Shotgun formation

From Academic Kids

The Shotgun formation is an alignment used by the offensive team in American and Canadian football. This formation is used by many teams in obvious passing situations, although other teams do use this as their base formation. In the shotgun, instead of the quarterback receiving the snap from center at the line of scrimmage, he stands at least 5 yards back. Sometimes the quarterback will have a back on one or both sides before the snap, while other times he will be the lone player in the backfield with everyone spread out as receivers. One of the advantages of the shotgun formation are that the passer has less time to set up in the pocket which gives him a second or two to locate open receivers. Another advantage is that standing further back from the line before the snap gives the quarterback a better "look" at the defensive alignment.

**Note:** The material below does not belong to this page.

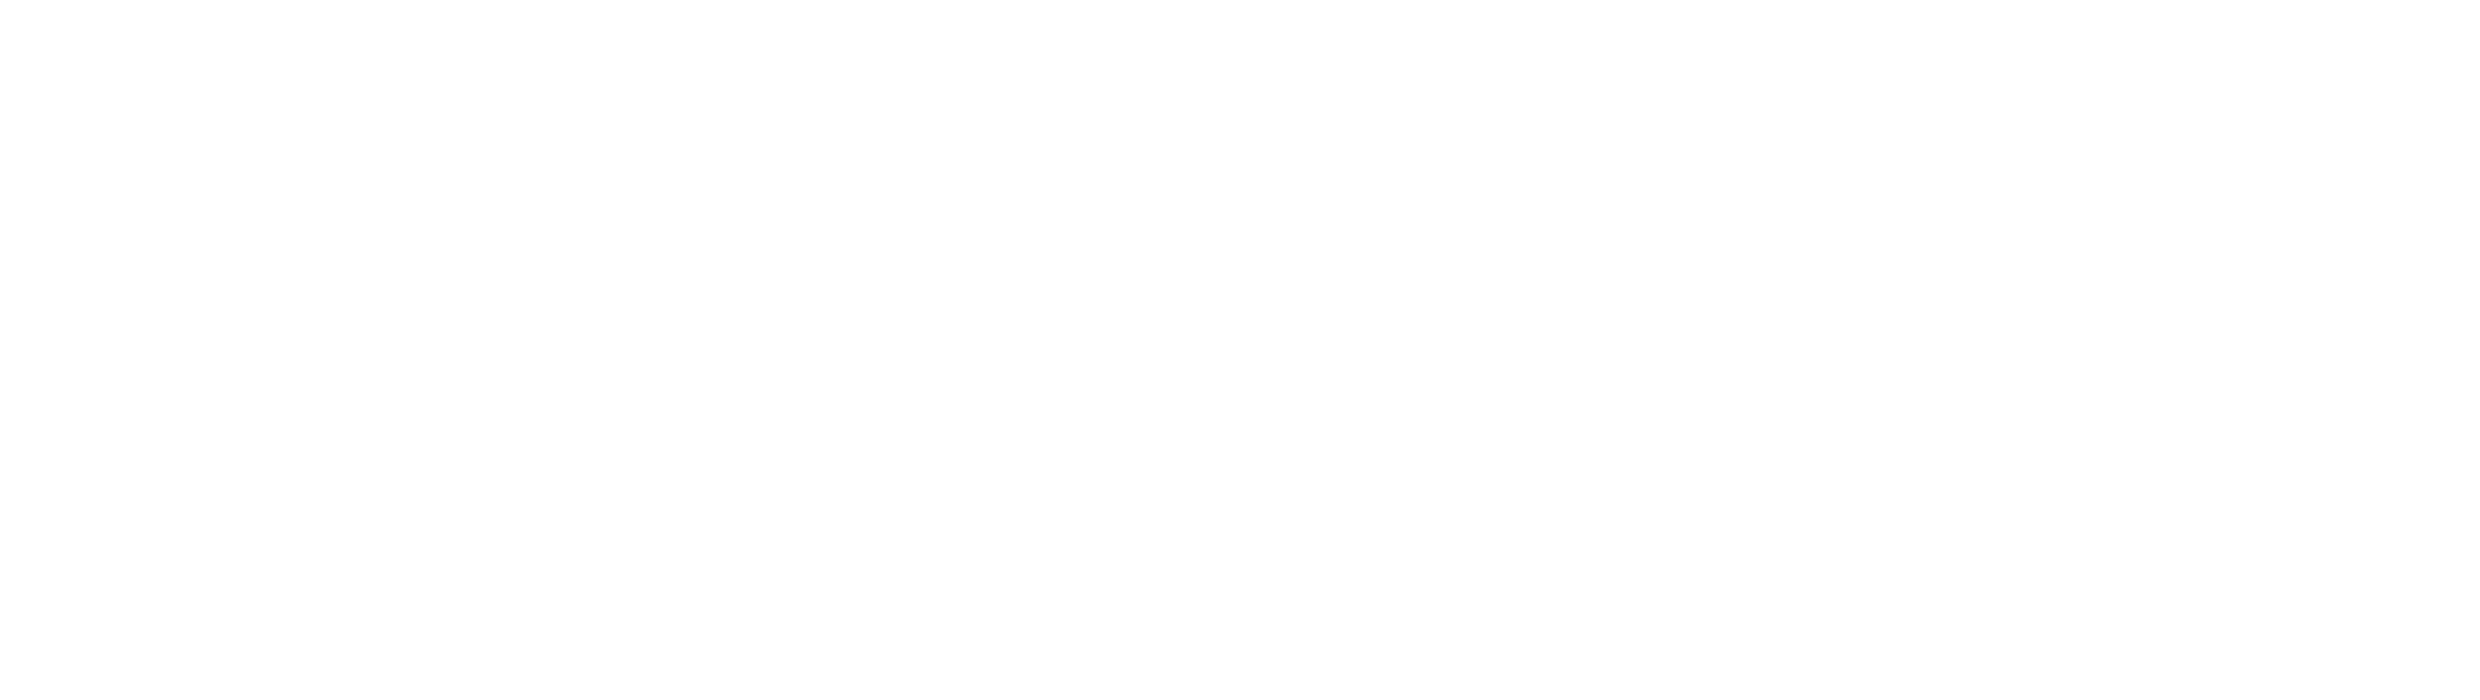 Opera Week

The disadvantages are that the defense knows a pass is more than likely coming up(although some running plays can be run effectively from the shotgun) and there is a higher risk of a botched snap than in a simple center/quartback exchange.

The formation got its name after it was used by a professional football club, the San Francisco 49ers, in 1960. Combining elements of the short punt and spread formations ("spread" in that it had receivers spread widely instead of close to or behind the interior line players), it was said to be like a "shotgun" in spraying receivers around the field like a scatter-shot gun. Formations similar or identical to the shotgun used decades previously would be called names such as "spread double wing". Short punt formations (so called because the distance between the snapper and the ostensible punter is shorter than in long punt formation) don't usually have as much emphasis on wide receivers.

At times the formation has been more common in Canadian football, which allows only three downs to move ten yards downfield instead of the American game's four. Canadian teams are therefore more likely to find themselves with long yardage to make on the penultimate down, and therefore more likely to line up in the shotgun to increase their opportunities for a large gain.